Nothing but the text should be carried over: reproduce all the data exactly and leave out every image.

**** Data shown ****

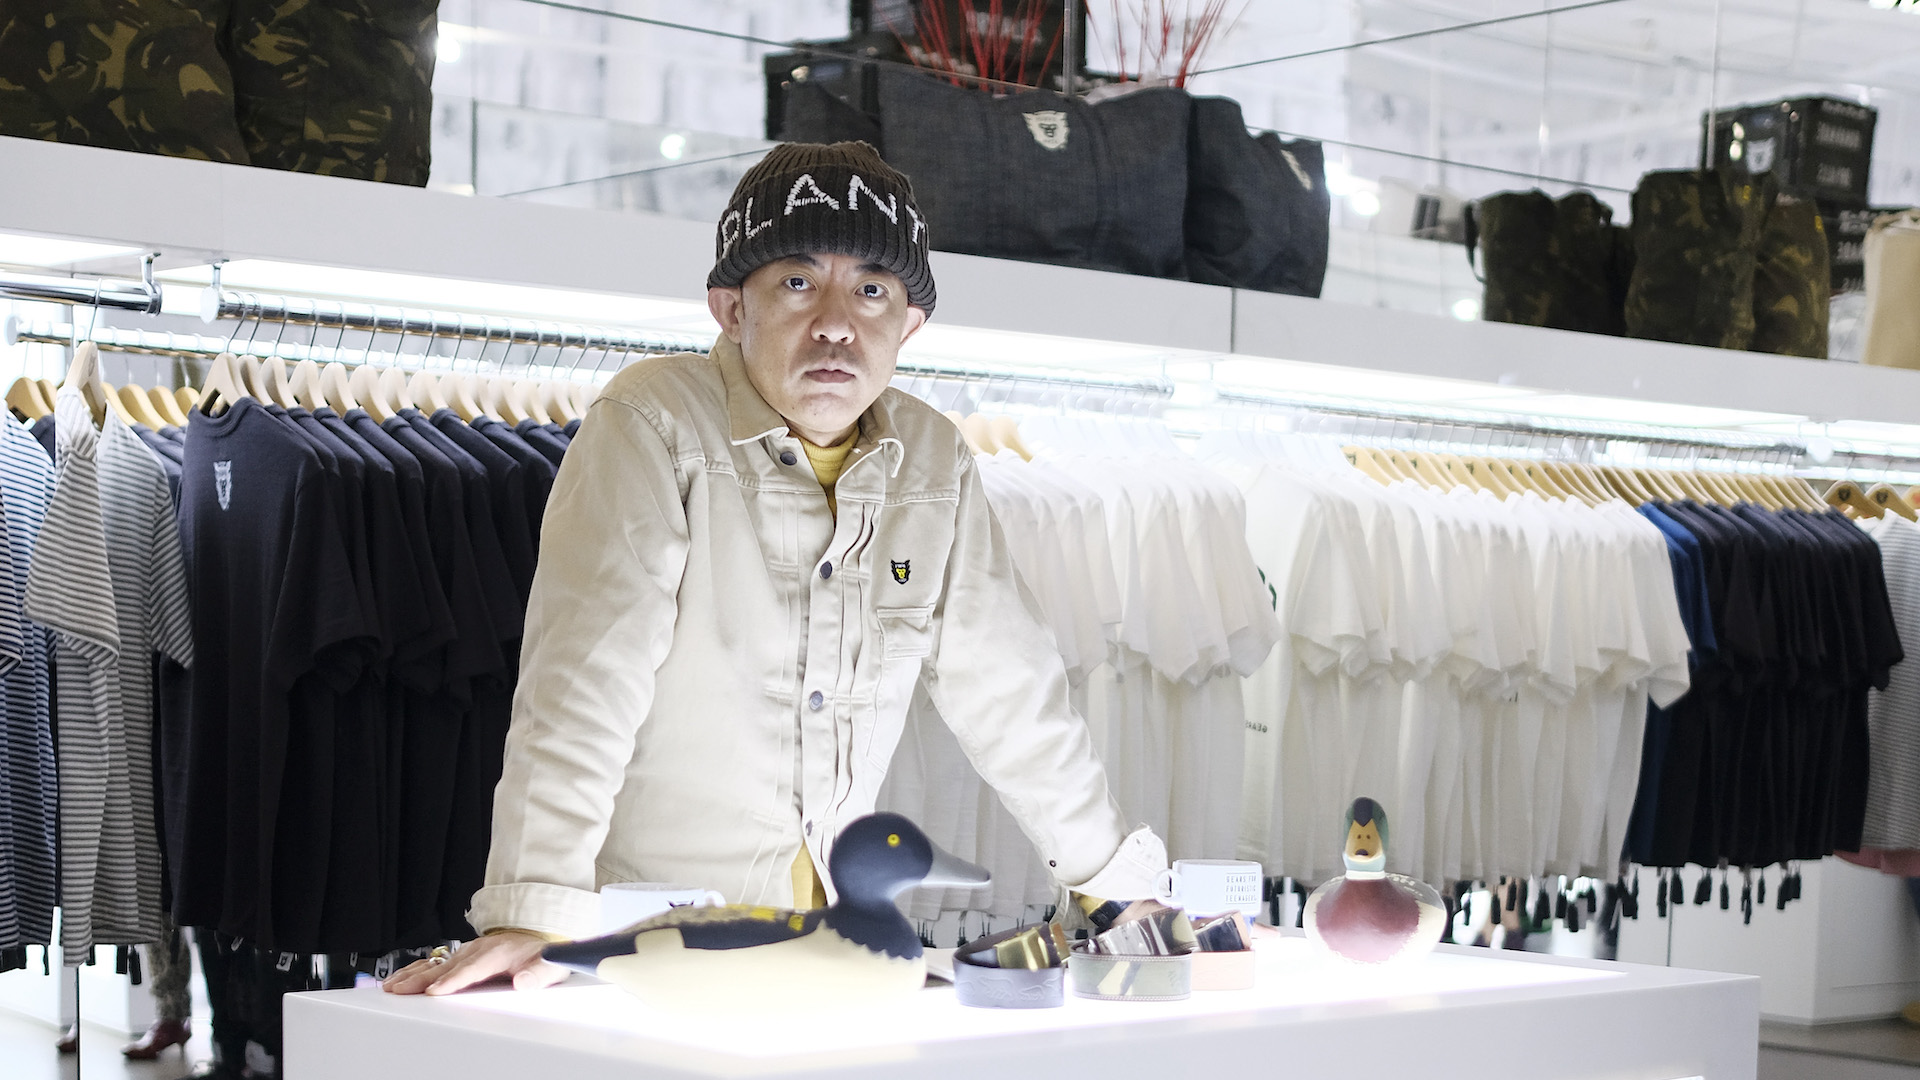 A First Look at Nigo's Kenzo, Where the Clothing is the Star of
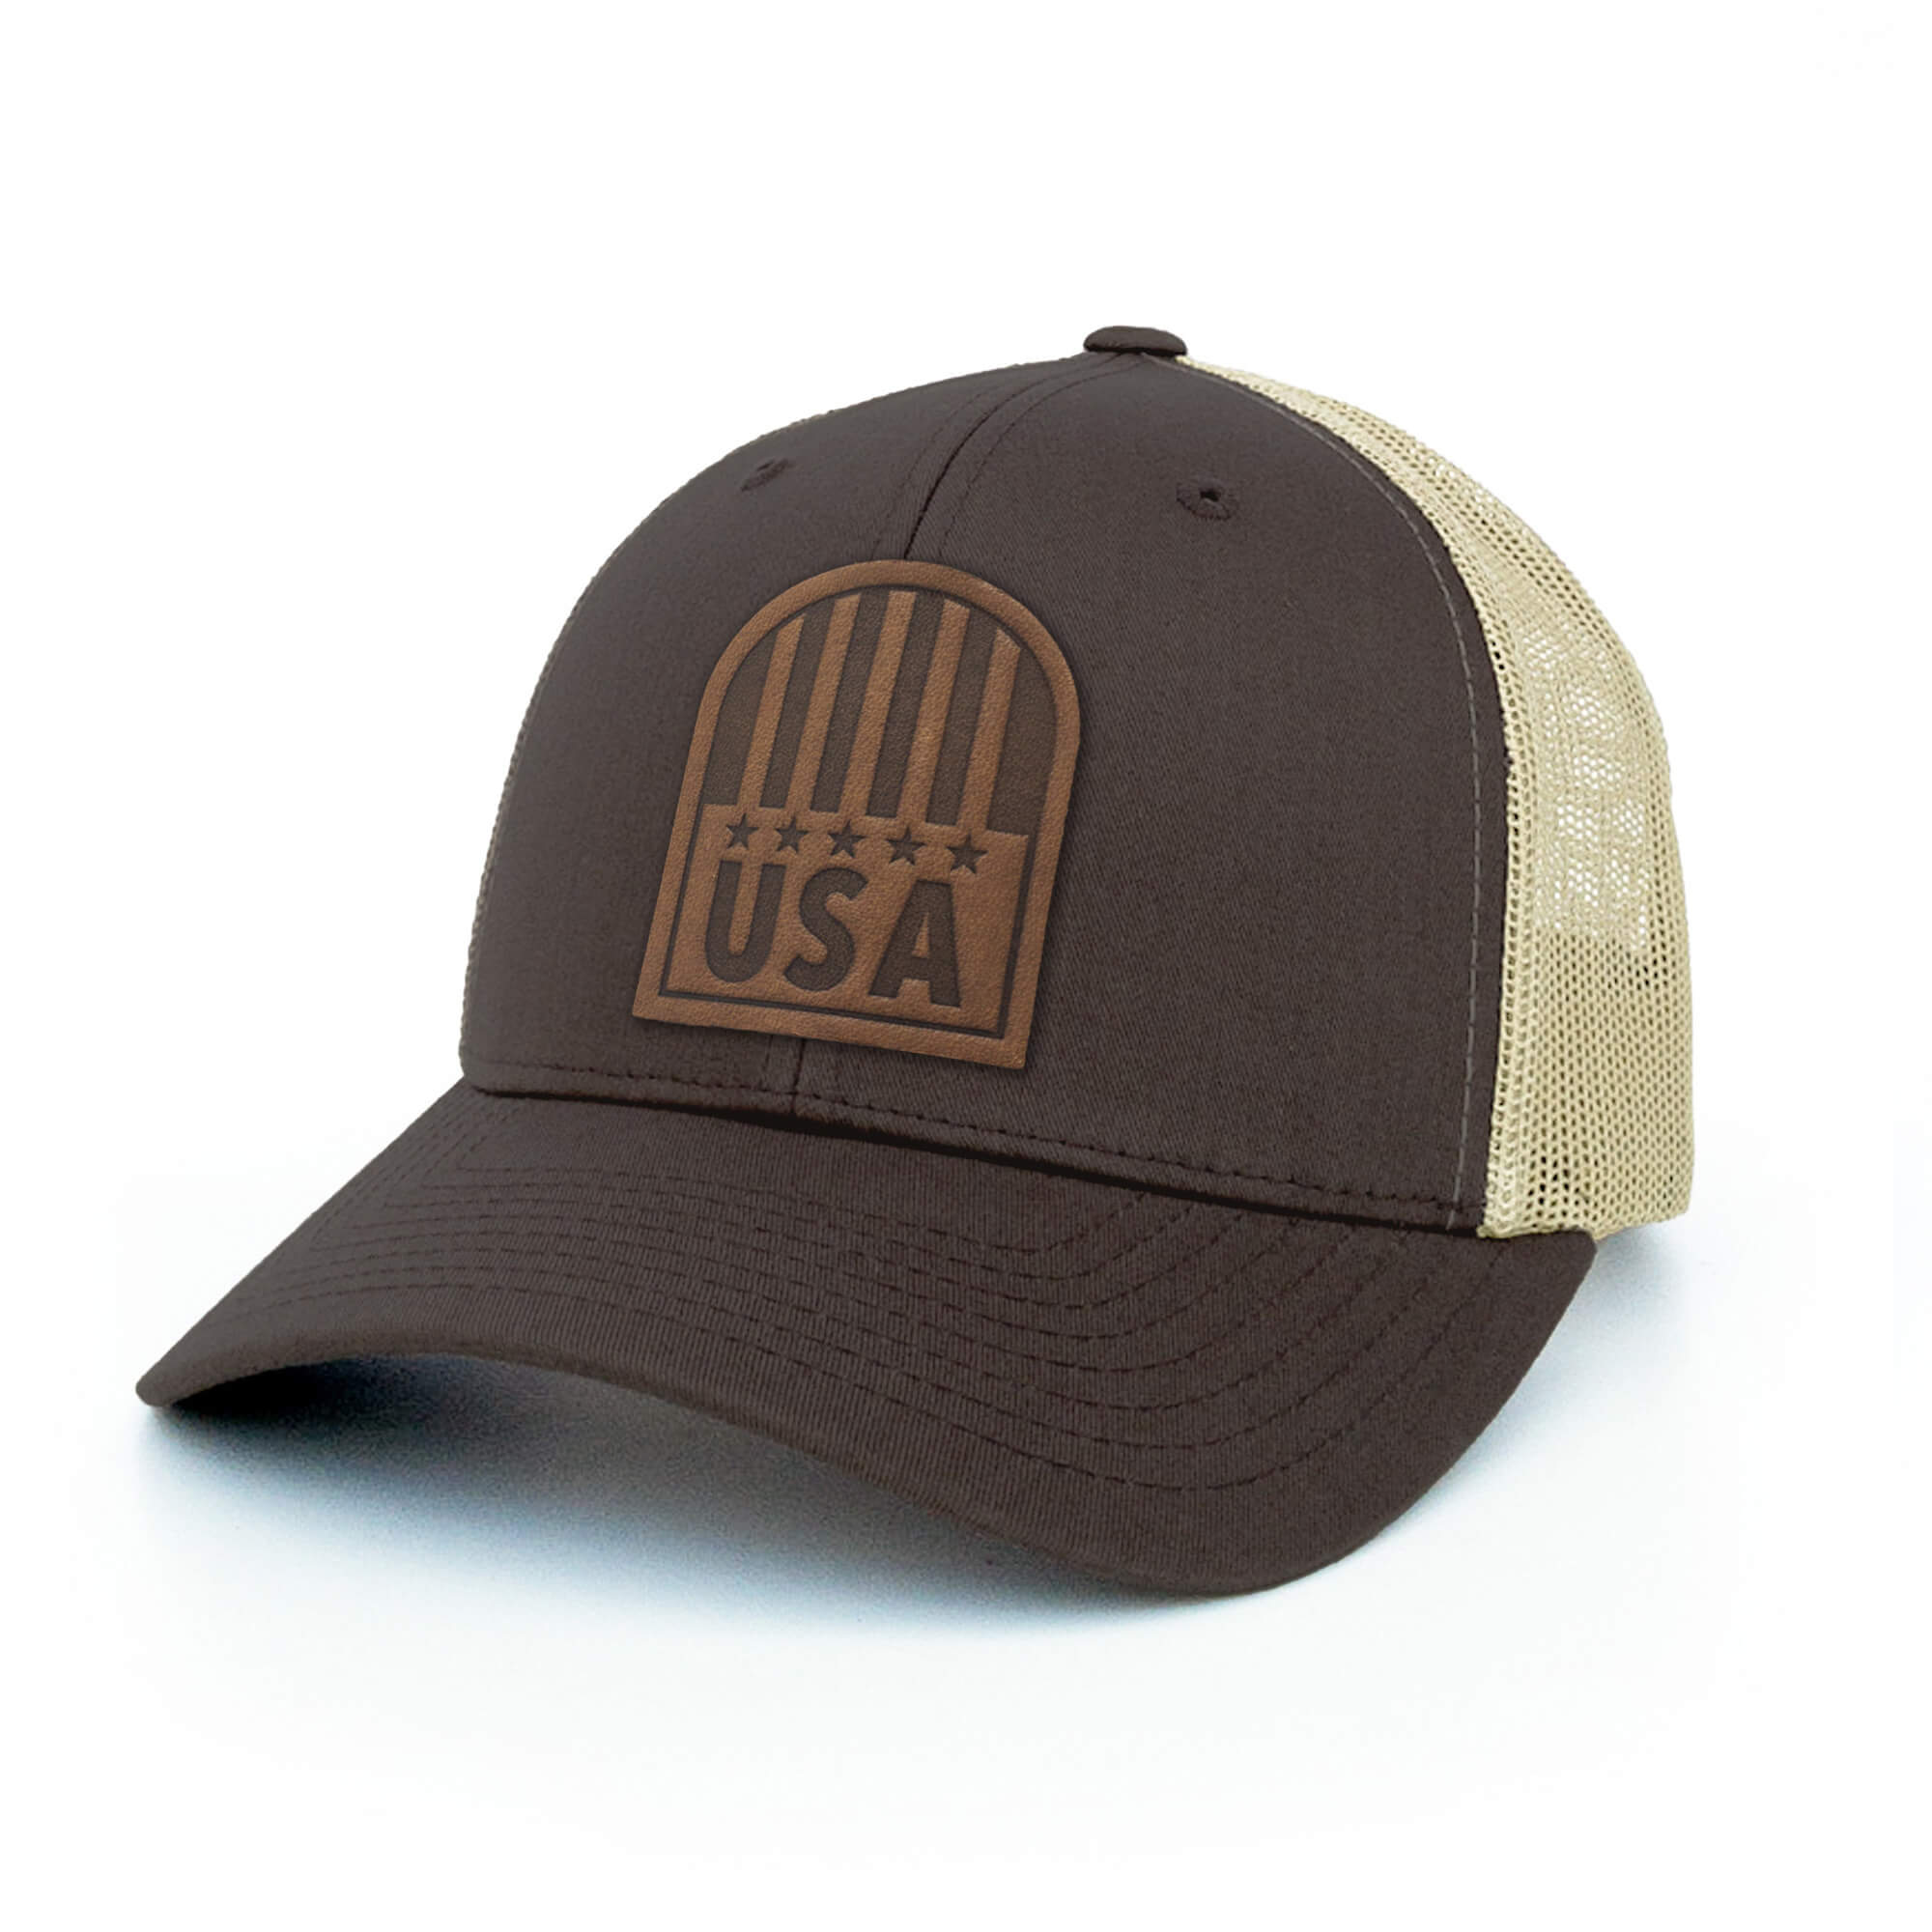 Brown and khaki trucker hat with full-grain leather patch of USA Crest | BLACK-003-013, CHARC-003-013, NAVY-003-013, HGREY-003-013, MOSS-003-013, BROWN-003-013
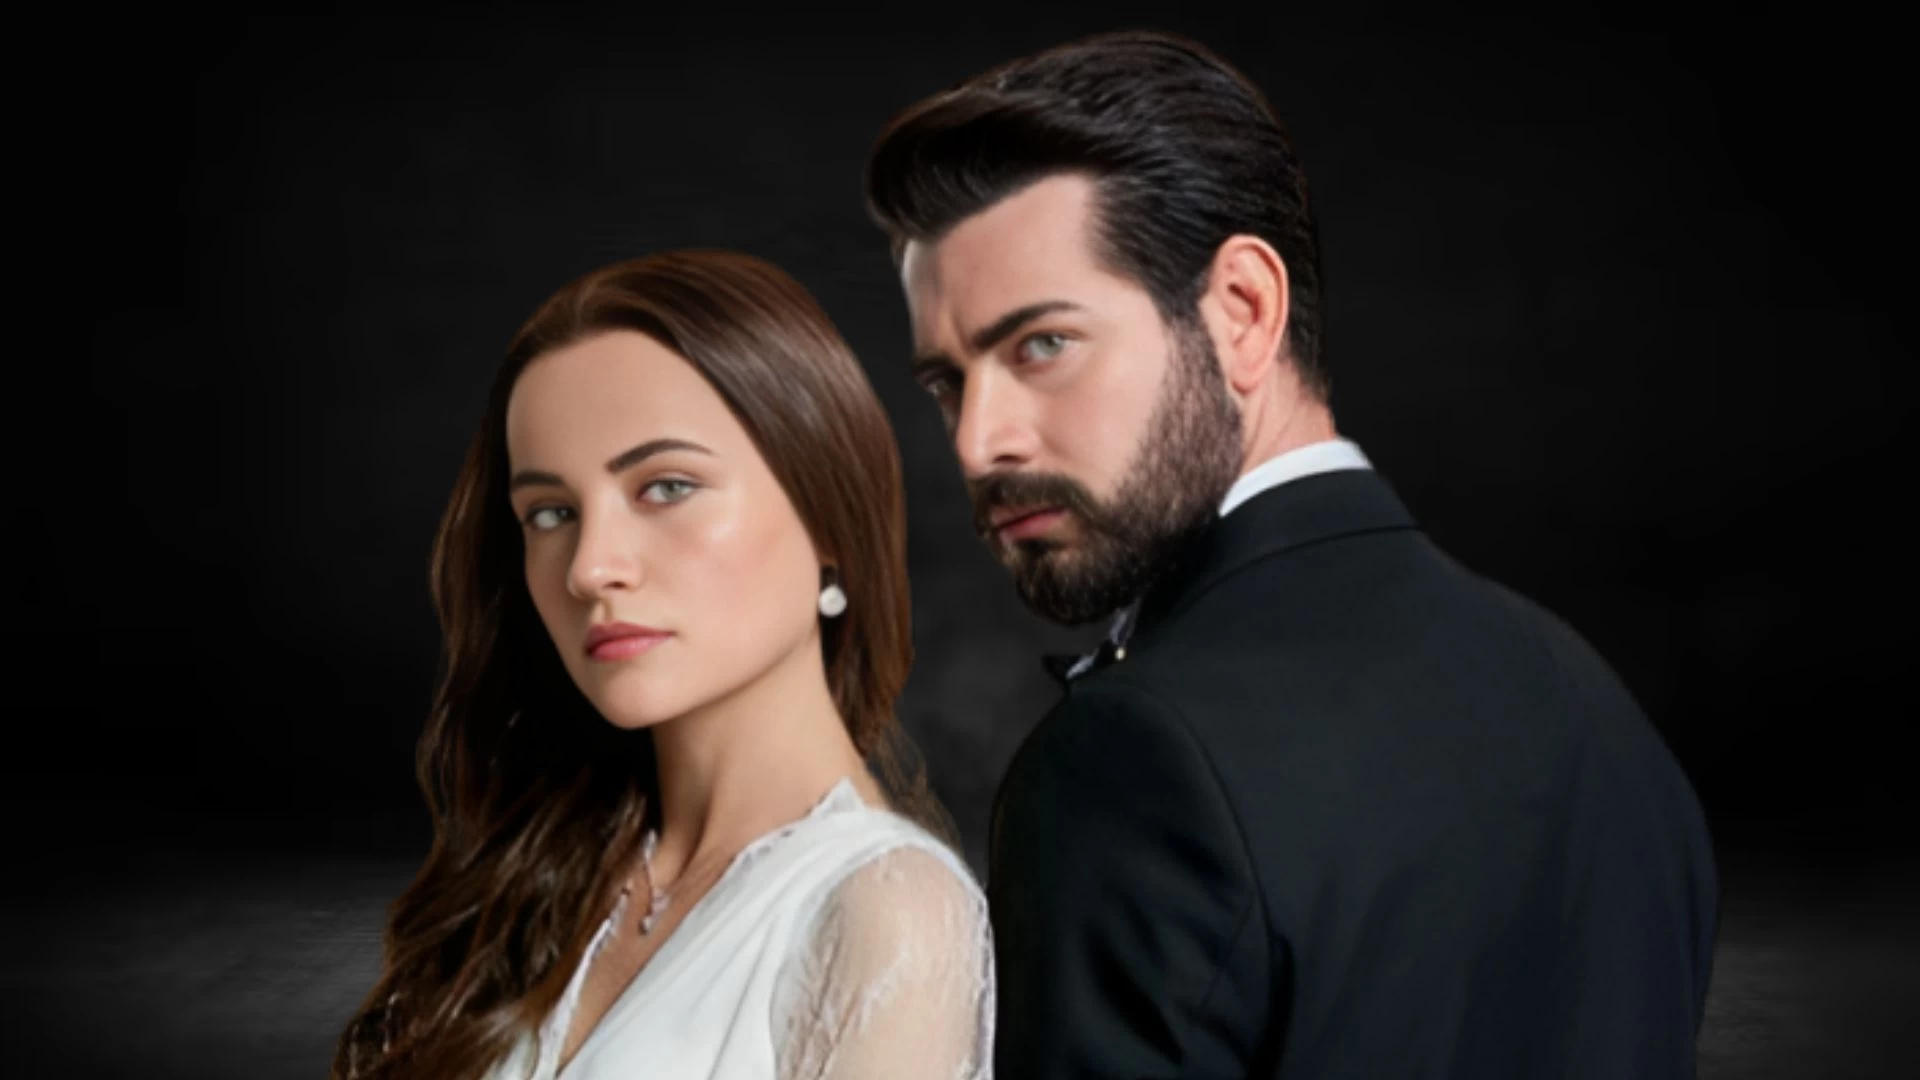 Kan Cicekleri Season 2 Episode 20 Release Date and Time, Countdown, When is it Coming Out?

****

**Answer:**
 A First Look at Nigo's Kenzo, Where the Clothing is the Star of
 Brown and khaki trucker hat with full-grain leather patch of USA Crest | BLACK-003-013, CHARC-003-013, NAVY-003-013, HGREY-003-013, MOSS-003-013, BROWN-003-013
 Kan Cicekleri Season 2 Episode 20 Release Date and Time, Countdown, When is it Coming Out?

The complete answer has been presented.